Monthly Archives: May 2016

Studying How Digital Humanists Use GitHub

Over the past academic year, I’ve been fortunate to participate in Rice’s Mellon-sponsored Sawyer Seminar on Platforms of Knowledge, where we’ve examined platforms for authoring, annotation, mapping, and social networking. We’ve discussed both the possibilities that platforms may open up for inquiry, public engagement and scholarly communications and the risks that they may pose for privacy and nuanced humanistic analysis. Inspired by the questions raised by the Seminar, my colleague Sean Smith and I are studying a platform used by a number of digital humanists: GitHub. Digital humanists employ GitHub not only for code, but also for writing projects, syllabi, websites, and other scholarly resources. We’ll present our initial findings at Digital Humanities 2016, but I wanted to offer some background to the study, especially since some of you will soon be receiving emails from me inviting you to participate in it.

Initially I was interested in using GitHub for a case study of how we assess and select digital platforms. Even as many researchers (myself included) rely on digital platforms, I haven’t been able to find many clear rubrics for evaluating them. Building on Quinn Dombrowski’s recommendations for choosing a platform for a web project, we are looking at criteria such as functionality and ease of use. In previous work examining archival management systems, I learned how important it is to talk with users about their experience with tools, so we will be conducting a survey and interviews about GitHub. Sean and I also also realized that GitHub itself provides valuable data about how people use GitHub, such as information about collaboration, code re-use, and connections to others. Our study will thus include analysis of publicly available data about selected GitHub users and repositories. (Of course, there is significant prior work on this topic in fields such as social computing that we will draw upon.)

With this project, we are:

  1. Identifying digital humanists who have GitHub accounts. For the purposes of this study, we are looking at presenters at the last three Digital Humanities conferences and people affiliated with organizations that belong to centerNet (assuming that the information is publicly available). Of course, this method is imperfect– it misses digital humanists who didn’t attend the DH conferences or who aren’t affiliated with DH centers, and it may include some people who don’t really consider themselves digital humanists. But it’s a start.
  2. Contacting those whose email addresses are easily retrievable (e.g. available via GitHub) and:
    1. Giving them the opportunity to opt out of having their publicly available GitHub data being included in our analysis and in the dataset that we plan to share at the end of the study. (Added 5/18/16: To be extra careful, we plan to anonymize this dataset.)
    2. Inviting them to take a brief survey about their usage and opinions of GitHub
    3. Inviting them to participate in an interview

    We may also contact people whose emails aren’t in the GitHub data but are otherwise available.

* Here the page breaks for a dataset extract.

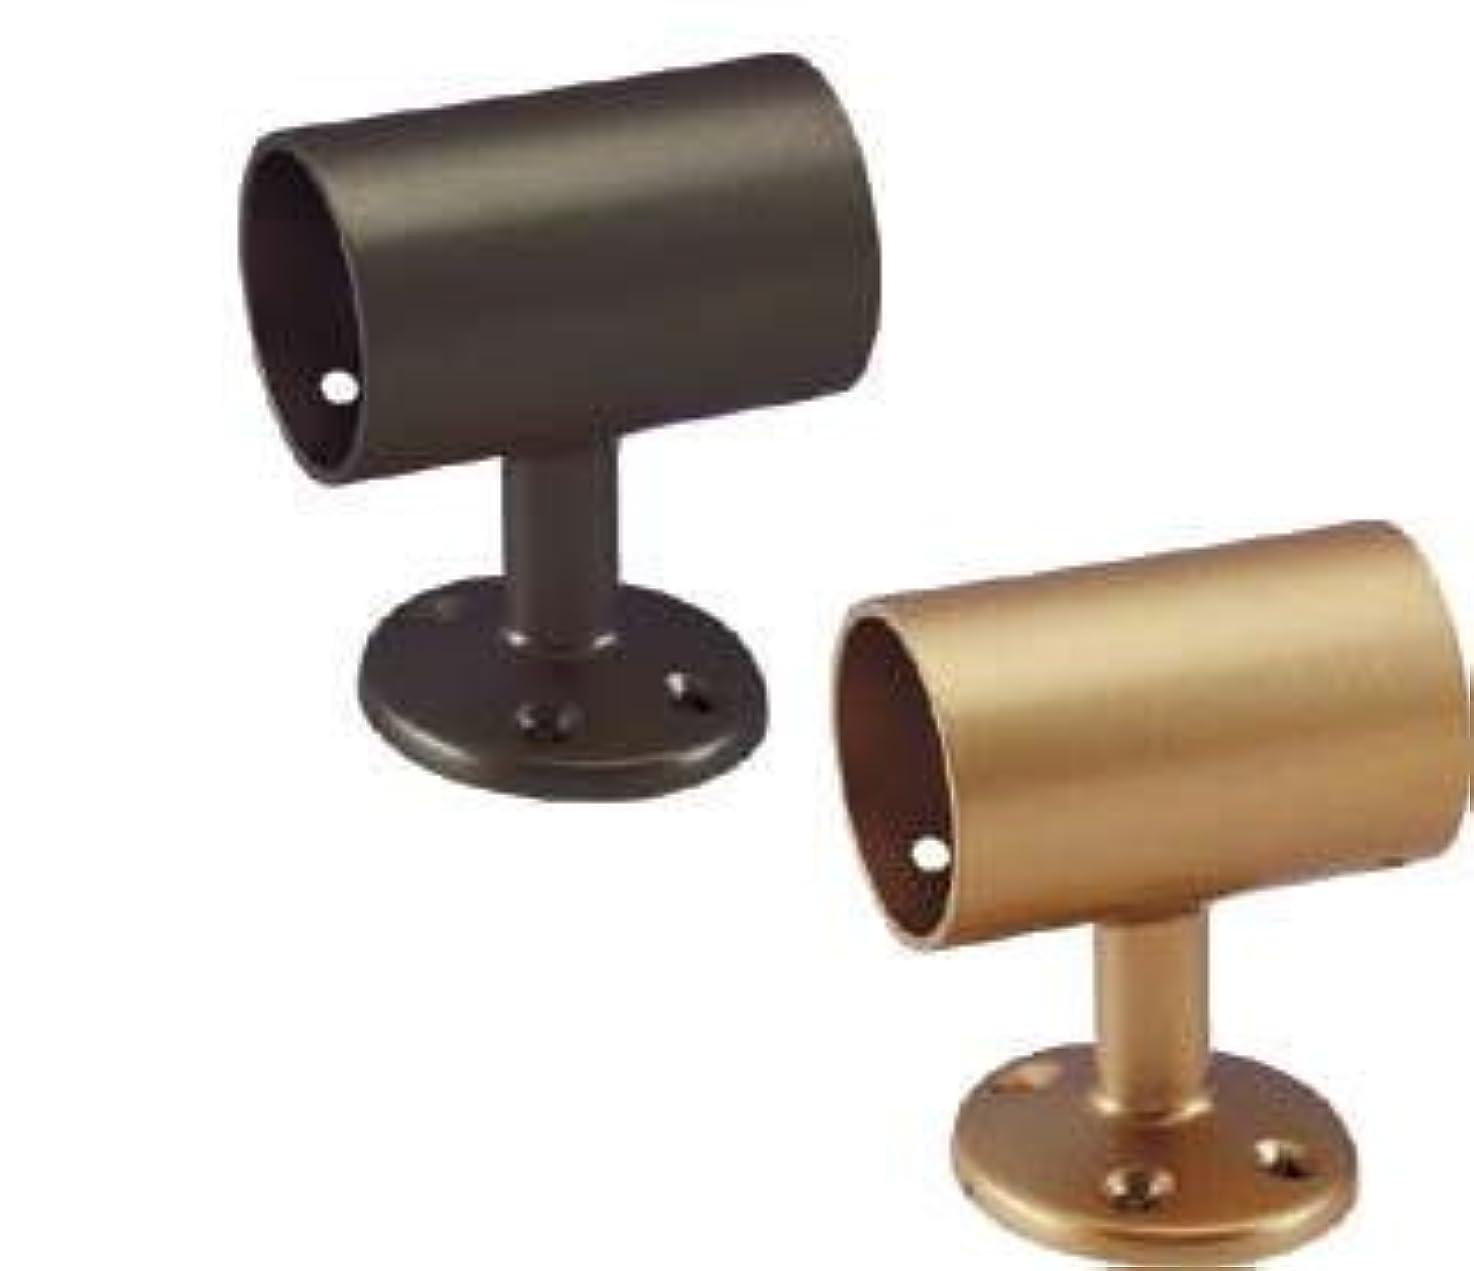 緯度買うパークBAUHAUSカラー 32セレクトシリーズ 32mm手すり用 通しブラケット縦型 ブラウン(04010-13354)
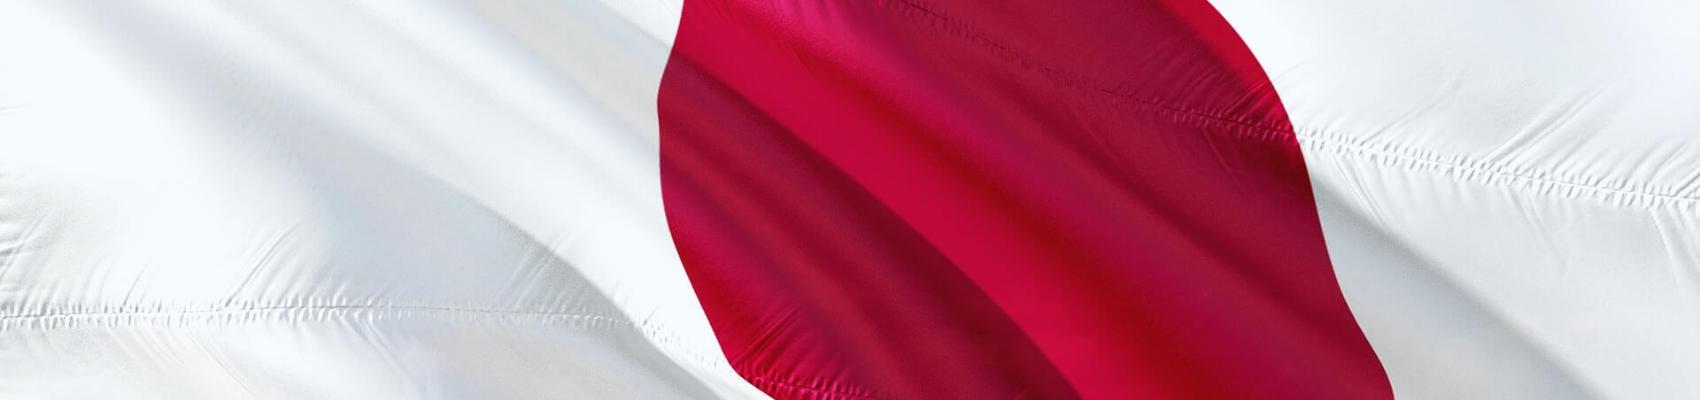 La Bresaola valtellinese sbarca in Giappone

  3. Analyzing GitHub data from our dataset to gain insight into how digital humanists use GitHub.

We want to conduct this study openly while at the same respecting privacy. In conducting interviews for past studies, I’ve been frustrated that I can’t publicly identify and credit people who have made brilliant comments because of the promise of confidentiality.  So we’re giving interviewees the option to make all or some of their interview notes public–but of course they can instead keep the notes private and remain anonymous. Survey data will be anonymized but ultimately shared.

Here are important documents related to our study:

I welcome feedback and questions about this study. I hope that it will contribute to developing criteria for evaluating platforms like GitHub and offer insights into how digital humanities researchers and developers work.